Lazette Gifford
Publisher & Editor
zette@cableone.net

 

KISS Your Readers, Show You Care

By Lisa A. Wroble
© 2006,
Lisa A. Wroble


Having spent many undergraduate hours on drills to tighten my text, I looked forward to creative writing. I'd now have the freedom to allow thoughts to flow and show off my vocabulary. Right? Oh, how preposterously misinformed! While that's fine for a first draft, trimming to magazine word-limit and sharpening clarity is the key.

Keep it simple, silly.

Most readers –- and editors –- prefer concise, vivid writing. The KISS acronym is well known to business and technical writers. Skills I learned in technical writing classes apply to both fiction and nonfiction writing. If you care about your readers, you'll KISS them by trimming excess verbiage.

Dump empty words. 'Just,' 'suddenly,' and 'then' –- the list goes on. Empty words serve the same function as 'um' does in a bad speech. They're filler –- empty calories padding the word count. Do you really need them? "But 'just' isn't 'empty!'" you say. "We use it in speech all the time!" True, but in speech 'just' is usually emphasized through inflection. In writing that inflection is missing. Unless you're showing progression of steps, 'then,' 'next,' and 'now' are also filler.  Use empty words sparingly to achieve the impact they have in speech. Trim empty words for leaner prose.

Focus sentences. What is the subject doing? It's easier to consider this when writing fiction. What is the character doing? Readers care less about what is being done to the subject or character. Which is more engaging, "the rocks were collected by geology students" or "geology students collected the rocks"? Don’t bury the action in the sentence. Zero in on it instead.

Comb through your manuscript. Cut unnecessary, unfocused words.

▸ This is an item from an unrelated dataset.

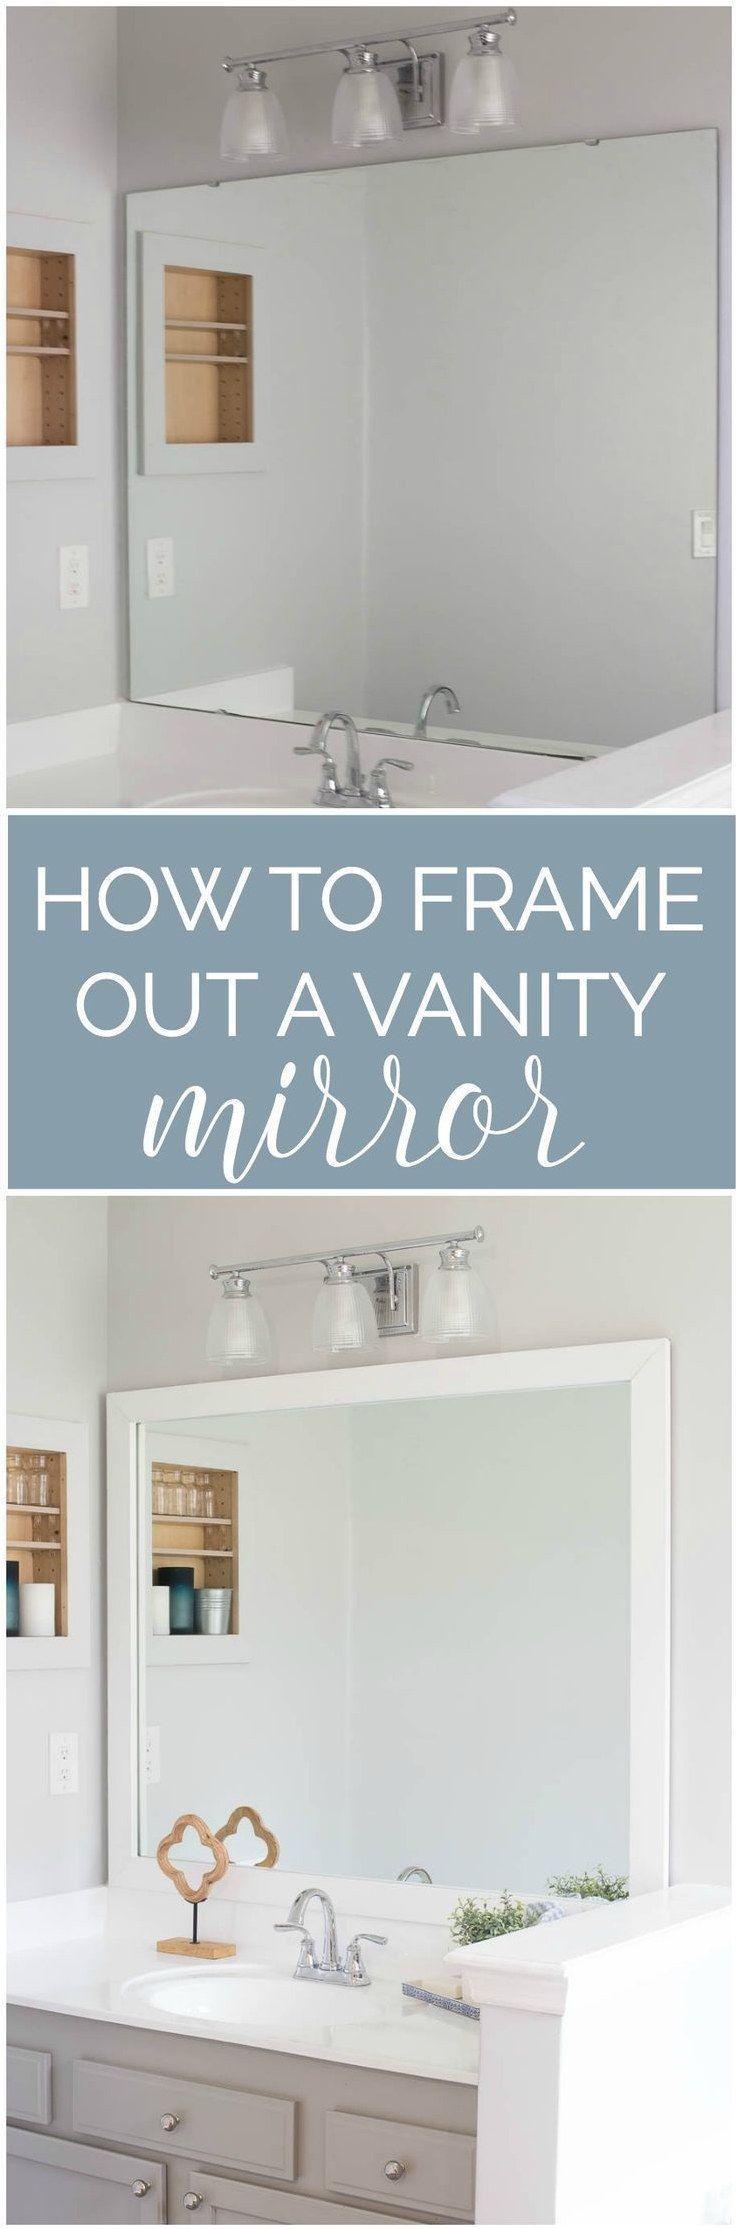 Farmhouse Bathroom Mirror by Cherished Bliss | DIY Farmhouse Decor ...

Instead of, "in addition, there were some people who disagreed," try "some people disagreed." Rearrange sentences beginning with "there was" or "there were." Instead of "there was a stray dog barking at us," restructure to focus on the action. "A stray dog barked at us."

Paint images. Don't tell how something was, show it. Engage the reader. Rephrase "thousands of butterflies were everywhere" as "Monarch butterflies coated the fence and covered every rock." Be specific. Get out your thesaurus and have fun coming up with the exact word to express your thought. Readers breeze through concise, vivid writing like a boat slicing through the water.

Consider sentence length and vocabulary. This is especially important if you're writing for children because multi-syllable words bump up reading level. Using many three- and four-syllable words in several long sentences raises reading level quickly. Even if you don't write for children, varying sentence length creates a rhythm in writing. Shorten sentences to add impact. Longer sentences slow down the reader and help ease the flow of the story. Divide long or compound sentences into two for better clarity, and use punctuation with purpose. Your goal is to entertain, not to overwhelm.

Review draft manuscripts with the above items in mind. Write tightly and aim for clarity. Readers feel your caring when you KISS them.